Китайская метафизика обращена не к уму, а к (за)данности тела, чистой конкретности существования, которая предшествует и опыту, и знанию. «Это сердце – вот Будда», – гласит главная формула китайских буддистов. Чье сердце? Ничье. Пока еще ничье… Современные китайские философы придумали для этого понятие «внутренней трансценденции». Звучит почти как деревянное железо, но прижилось в литературе…

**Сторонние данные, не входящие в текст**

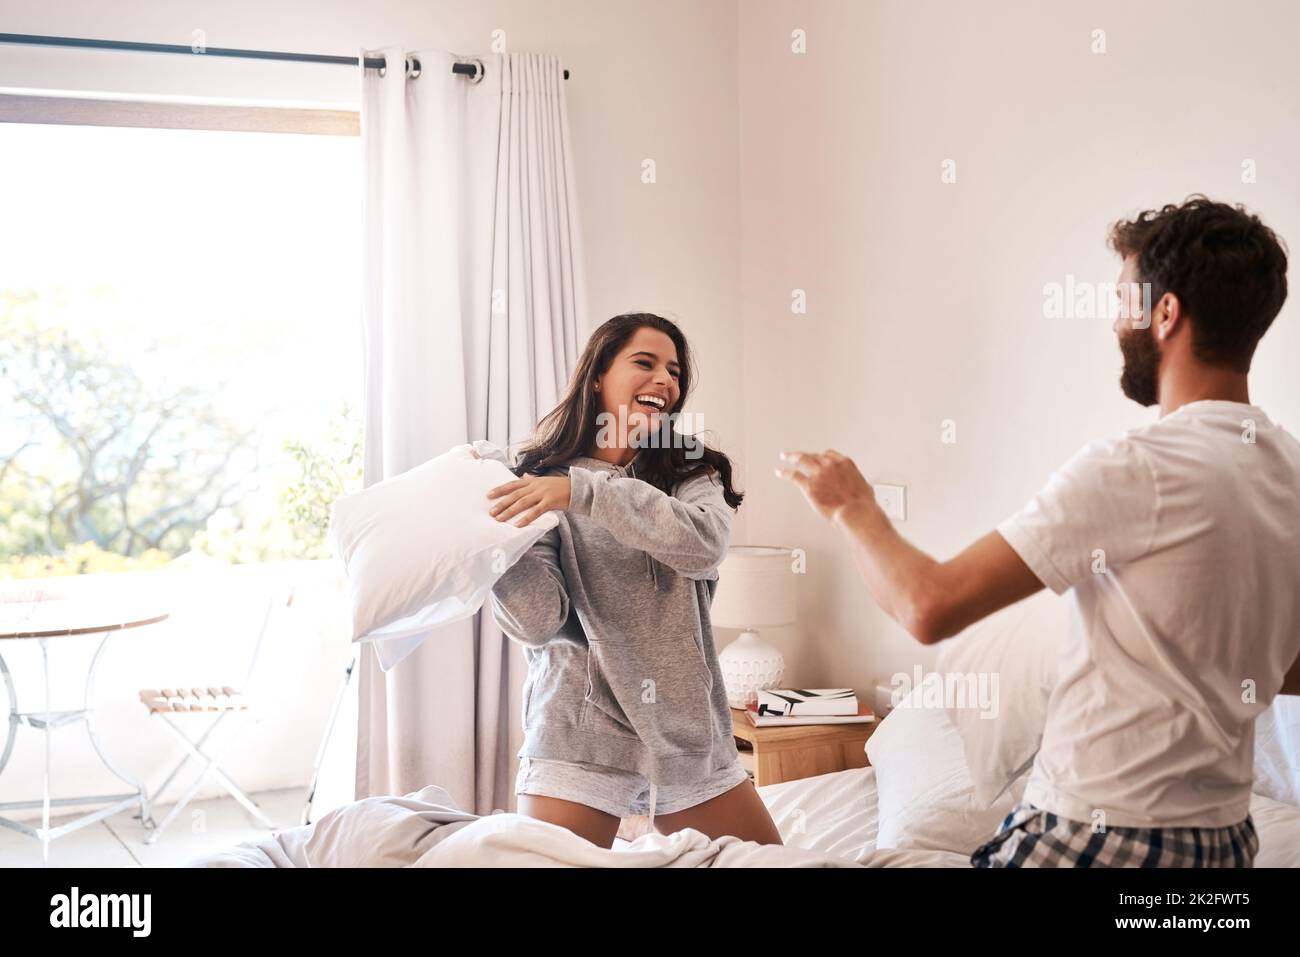 Start every morning with silliness. Shot of a happy young couple having a pillow fight in bed. Stock Photo

Во всяком случае тело Большого Будды ничего не выражает и не обозначает. Оно – метасимвол культуры, удостоверяющий совпадение несходного, чудесность реального и реальность чуда. Оно – метафора несказанного, ложь, лгущая о себе. Образ глубоко двусмысленный: неслучайно в последующие эпохи осмысление тела Будды пошло по двум очень разным направлениям.
С одной стороны, буддизм поощрял тенденцию к созданию натуралистически точной копии природы, а в действительности – идеальной маски реальности, безупречной иллюзии, которые выступают знаком абсолютной естественности, нетварности сущего. Именно в буддийской традиции создавались образцы (мнимо) реалистической скульптуры. Существовал даже обычай выставлять в храмах мумифицированные тела святых подвижников. Вожди современных буддийских сект считаются «живыми Буддами». Крайним выражением этой тенденции служат, пожалуй, японские сады, предъявляющие полную иллюзию «дикой природы».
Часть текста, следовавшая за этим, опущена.